Mr. Kevin dapat meyakinkan dewan direksi untuk memilih metode NPV sebagai
jalan keluar permasalahan ini karena nilai NPV untuk kedua proyek bernilai positif.
Dan keuntungan kalau menggunakan NPV adalah :
-. Memperhatikan nilai waktu dari pada uang (time value of money);
-. Mengutamakan aliran kas yang lebih awal; dan
-. Tidak mengabaikan aliran kas selama periode proyek atau investasi.

4. Modified Internal Rate of Return (MIRR).
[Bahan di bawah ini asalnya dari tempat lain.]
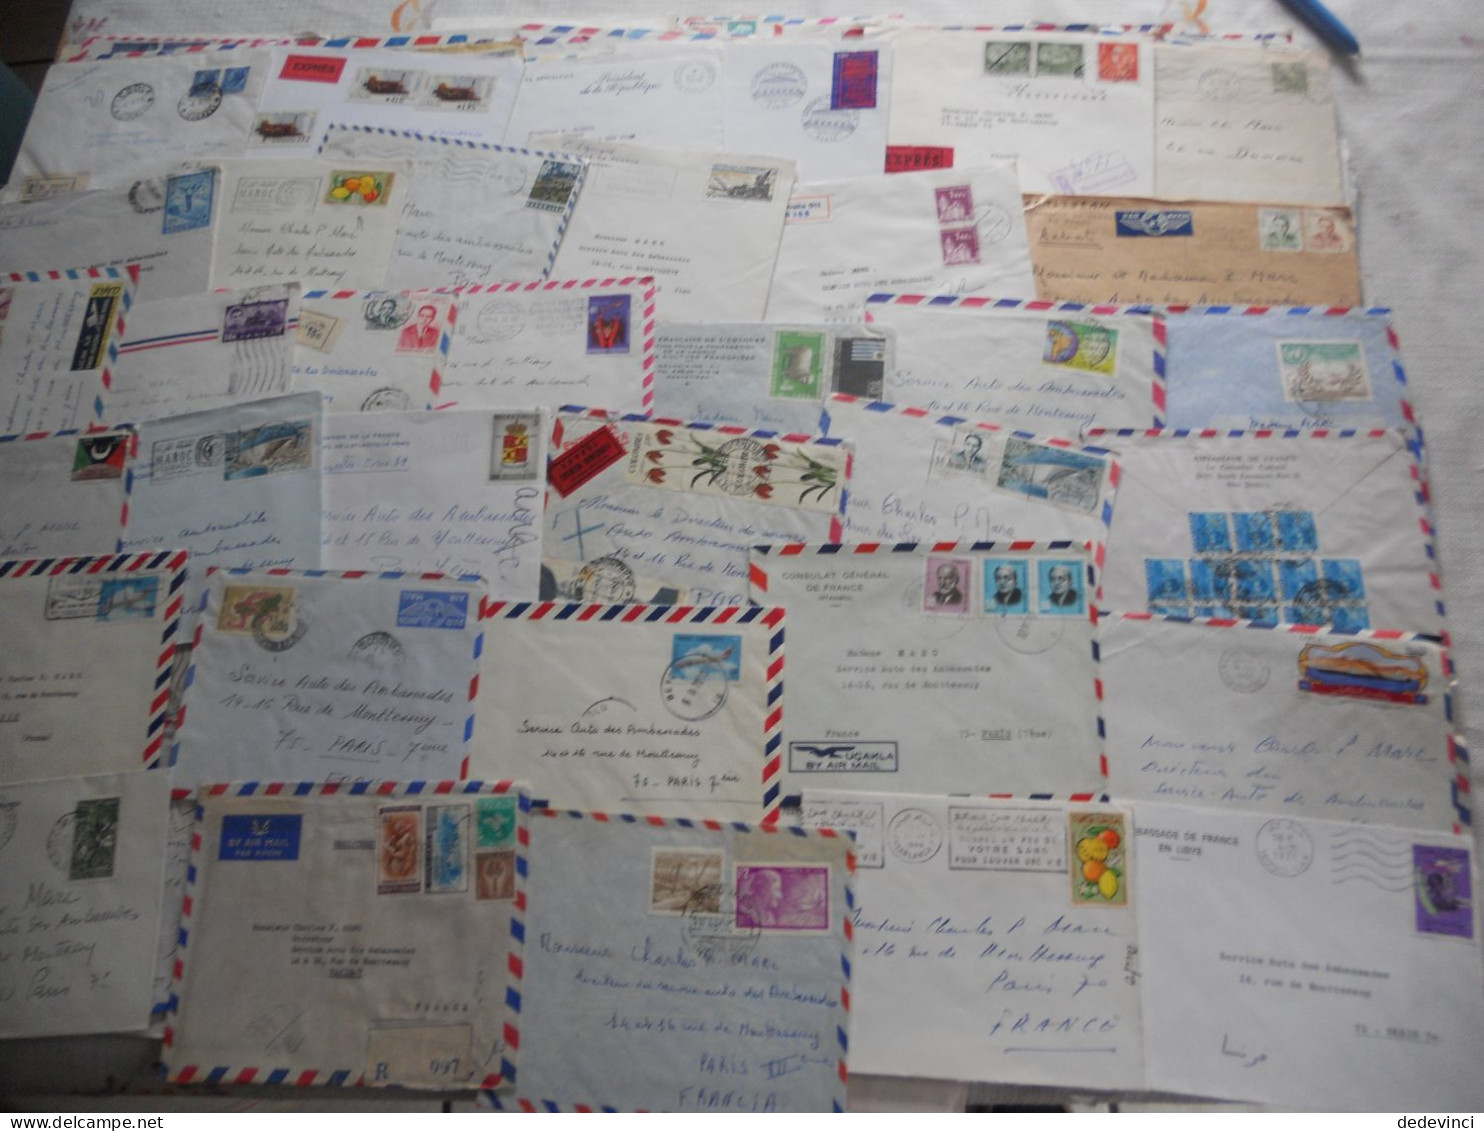 Lot de lettre issu archive pour Serv. auto Ambassade France des ambassade dans le monde, Reco, exprès...

Tingkat pengembalian internal yang dimodifikasi (MIRR) adalah metrik pembiayaan
yang digunakan dalam penganggaran modal bisnis.
Nilai MIRR untuk kedua proyek tersebut diatas sebenarnya tidak dapat ditentukan,
karena tidak diberikan keterangan biaya modal. Namun, bisa diasumsikan bahwa
biaya modal sebesar 10%, jadi MIRR untuk masing-masing proyek adalah sebagai
berikut:

MIRRSynthetic Resin = $ 0,3231 atau 32,3%


MIRREpoxy Resin = $ 0,2170 atau 21,7%

Jika, kedua proyek ini bersifat saling meniadakan (mutually exclusive), maka pihak
dewan direksi perusahaan harus memilih proyek Synthetic Resin yang memiliki nilai
prosentase lebih besar yaitu 32,3%.
Mr. Kevin dapat menunjukkan bahwa MIRR memungkinkan manajer proyek
menetapkan tingkat reinvestasi yang realistis dan hasil idealnya menghasilkan hasil
setara tahunan yang lebih akurat.

5. Menghitung Profitability Index (PI) untuk masing-masing proposal.


Nilai PI untuk kedua proyek seharusnya tidak dapat ditentukan karena tidak
diberikan keterangan biaya modal dalam soal. Namun, coba diasumsikan bahwa
biaya modal sebesar 10%, jadi PI untuk masing-masing proyek sebagai berikut:

PISynthetic Resin = $ (1,9030)


PIEpoxy Resin = $ (1,3622)

Ukuran ini tidak dapat membantu menyelesaikan masalah ini karena kedua proyek
memghasilkan nilai Profitability Index kurang dari 1, sehingga usulan proyek ini
harus ditolak.

Demikian yang dapat saya sampaikan. Terima Kasih.